Mon installation à peine terminée, les choses sérieuses commencent. Des rafales de plus en plus violentes malmènent les mouillages.
Mon voisin se retrouve rapidement étrave contre quai et plusieurs autres sont en train d’essayer de se dégager.
Pour l’instant mon installation semble efficace et je peux aider mon vis-à-vis à se dégager du quai, mais le 5-7 n’est pas encore établi et je n’ai pas envie de l’attendre dans cette position.
Nous sommes informés que le Capitaine du port nous autorise à venir dans le bassin des pêcheurs et personne ne se fait prier.
La manœuvre de dégagement se déroule mieux que je ne le craignais, car assuré par l’aussière, je peux remonter mon mouillage sur le zodiac et me déplacer ensuite.
À la météo du soir, il n’est question que de force 9-10 et 11 sur presque toutes les zones.
Au large d’Alicante les vagues atteindraient 13 mètres ?
Le vent s’établissant O – S.O, nous sommes relativement bien protégés par l’île ; dans ce bassin aucun risque.
Au matin, le plan d’eau est beaucoup plus calme. Je pense que le vent remonte au N.O. et ne peut plus franchir l’île qui nous protège totalement.
La plupart des voiliers quittent le port et j’en profite pour prendre une place au quai extérieur. C’est quand même plus sympa, car beaucoup de baladeurs circulent sur cette jetée et cela occupe le regard.
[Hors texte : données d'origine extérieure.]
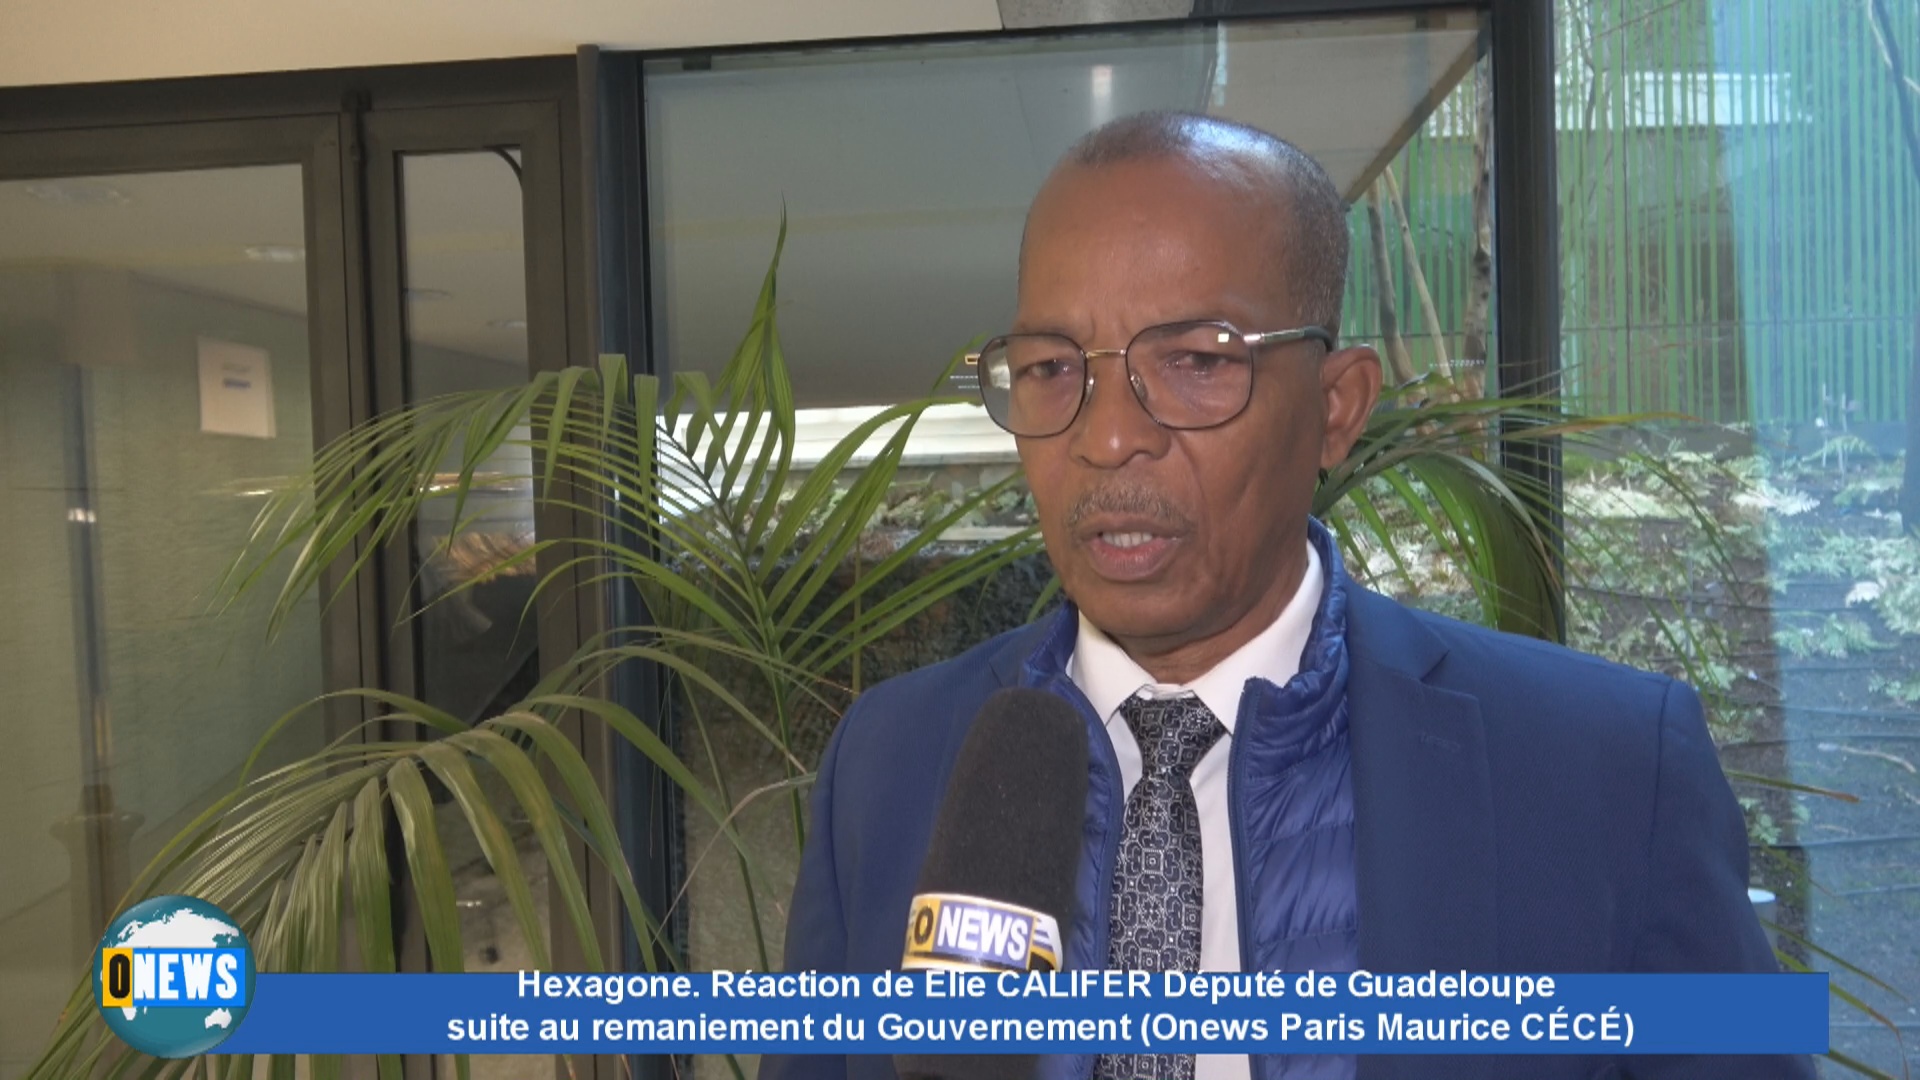 [Vidéo] Hexagone Réaction de Élie CALIFER Député de Guadeloupe suite au remaniement du Gouvernement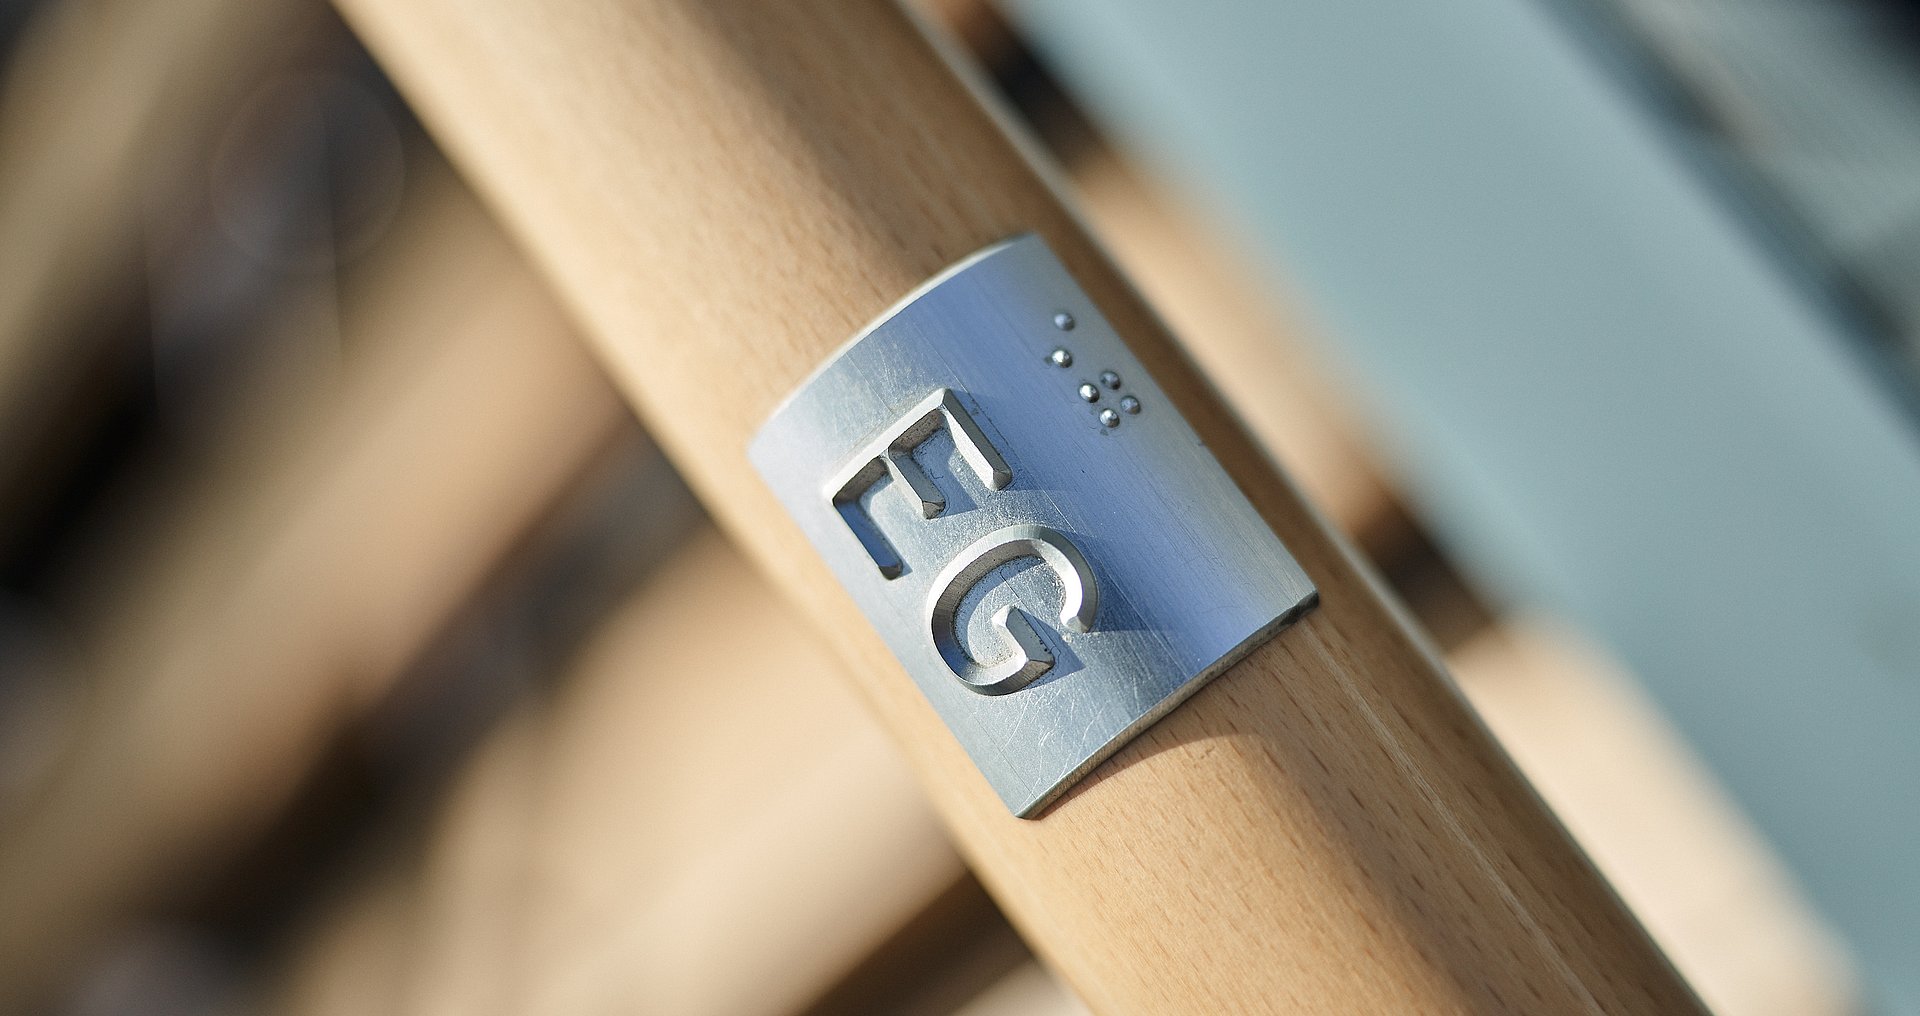 Nahaufnahme Holzgeländer mit Plakette auf der EG in Brailleschrift steht.

Je n’ai pas envie de partir parce que le détroit entre les îles doit être terriblement exposé. Je peux voir à 2 – 3 miles, à la pointe N.E. de Majorque, des vagues impressionnantes ; il serait étonnant qu’il n’y ait pas aussi beaucoup de vent.
La météo n’annonce pas force 10 sans raison.
Ceux qui ont quitté le port descendaient au Sud, sous la protection de l’île.
Le baromètre remonte un peu : 1004 millibars. Pardon aujourd’hui on dit hectopascals…
Il se pourrait bien que le front froid approche.